YANQ (yet another newbie question): "string"[0.."e"]
basi
Is there a way to say in Ruby:
"astring"[0../r/] #"ast"
"astring"[/ast/..-1] #"ring"
In other words, indexing using a "pattern".
Thanks,
basi
Joel VanderWerf
You just have to tinker with the pattern a bit:
"astring"[/.*?(?=r)/] # ==> "ast"
"astring"[/ast(.*)/, 1] # ==> "ring"
The (?=r) is a lookahead operator that matches but does not consume
characters.
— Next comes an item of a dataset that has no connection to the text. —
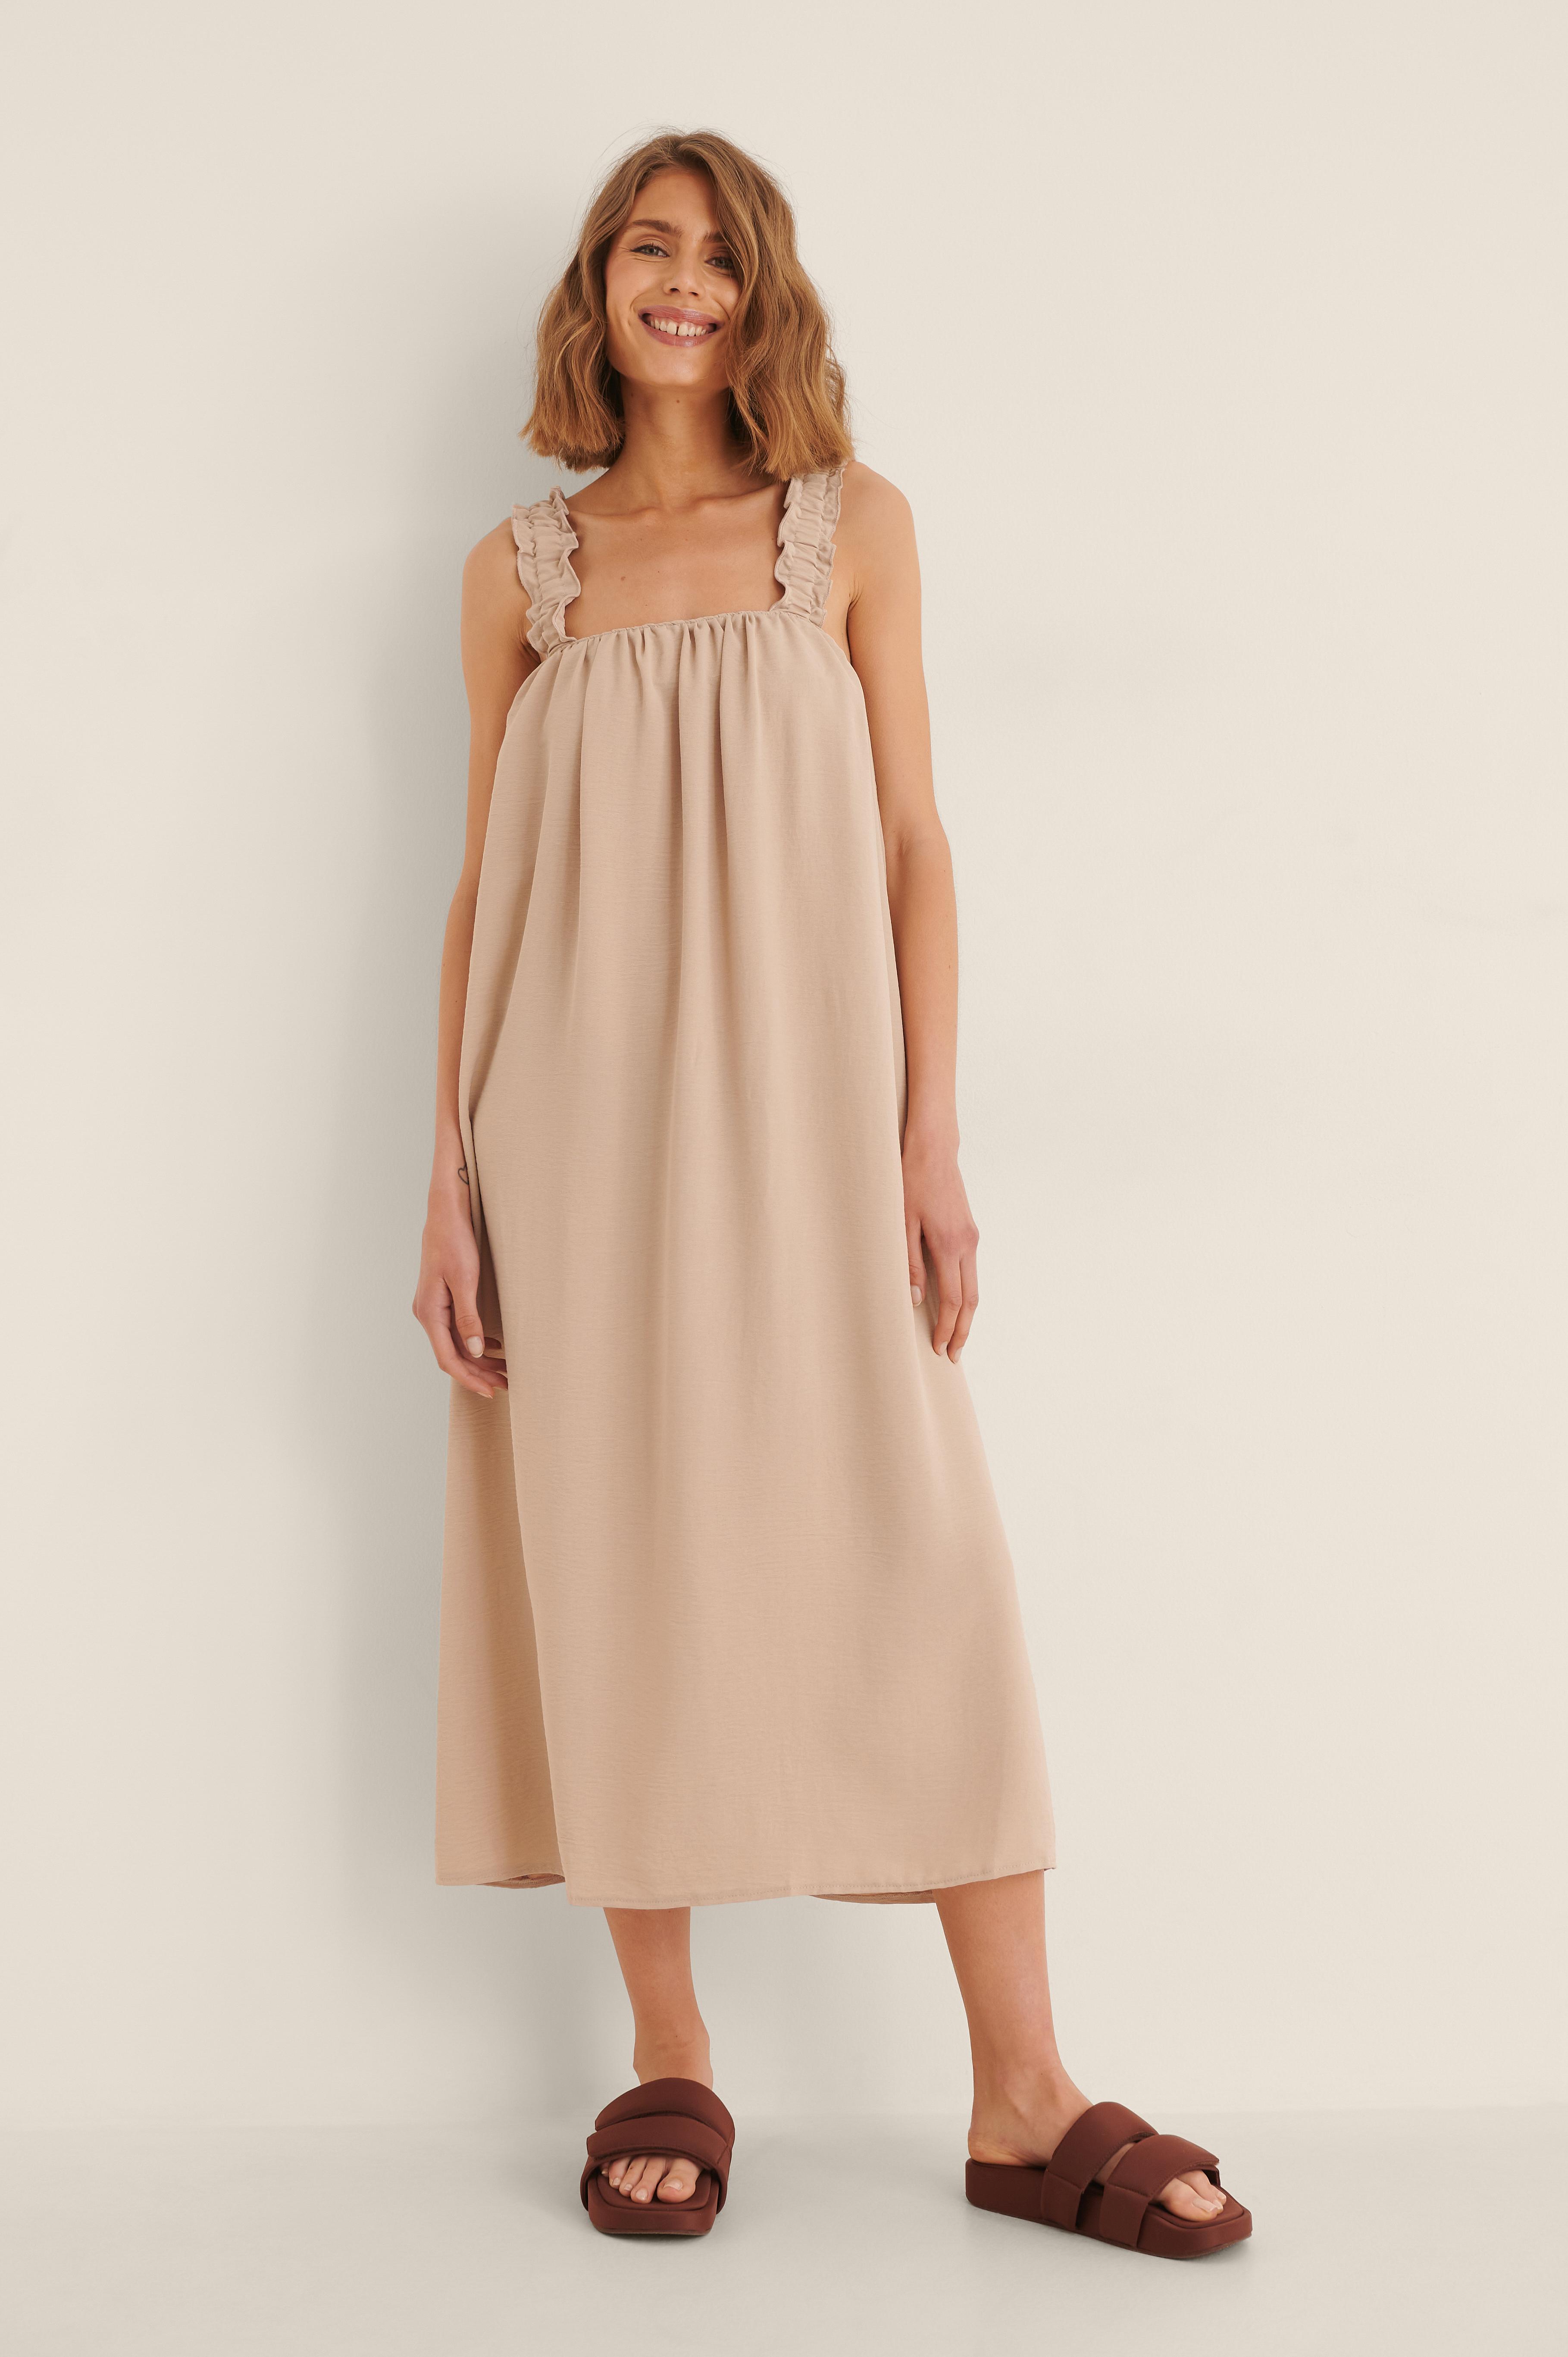 Trendyol Tie Detail Beach Dress - Beige

The numerical argument n=1 in the second example indicates
that #[] should return the value of the n-th capture
--
vjoel : Joel VanderWerf : path berkeley edu : 510 665 3407
William James
"astring"[/.*?(?=r)/] --> "ast"
"astring"[/(.*?)r/,1] --> "ast"
"astring"[/ast(.*)/,1] --> "ring"
basi
I didn't think this was possible and I'm glad I asked. I'm impressed!
Thanks for the help.
basi
Vance Heron
I can't do it with a literal string, but think
this is close.
irb(main):004:0> irb
irb#1(main):001:0> s = 'astring'
=> "astring"
irb#1(main):002:0> s[0..s.index('r')]
=> "astr"
irb#1(main):003:0> s[s.index('ast')..-1]
=> "astring"
irb#1(main):004:0> s[s.index('rin')..-1]
=> "ring"
Note that the index for 'ast' is really 0,
so [/ast/..-1] turns into [0..-1].
HTH,
Vance
Robert Klemme
Interestingly nobody seems to care to anchor the expression at the beginning
of the string. Here are other variants that do this
>> "astring"[/\A[^r]*/]
=> "ast"
>> "astring"[/\A.*?(?=r)/]
=> "ast"
>> "astring".match(/\A.*?(?=r)/)[0]
=> "ast"
Kind regards
robert
basi
basic Ruby constructs. Well within the color of my Ruby belt at this
point. I'll try it.
Though I will keep in mind the regex-based solution suggested above, as
an example of what can be done for when the pattern gets complex.
Thanks all.
basi
William James
basi wrote:
> Hello,
>
> Is there a way to say in Ruby:
>
> "astring"[0../r/] #"ast"
> "astring"[/ast/..-1] #"ring"
Another approach is to remove what you don't want:
"astring".sub(/r.*/,'') --> "ast"
"astring".sub(/^ast/,'') --> "ring"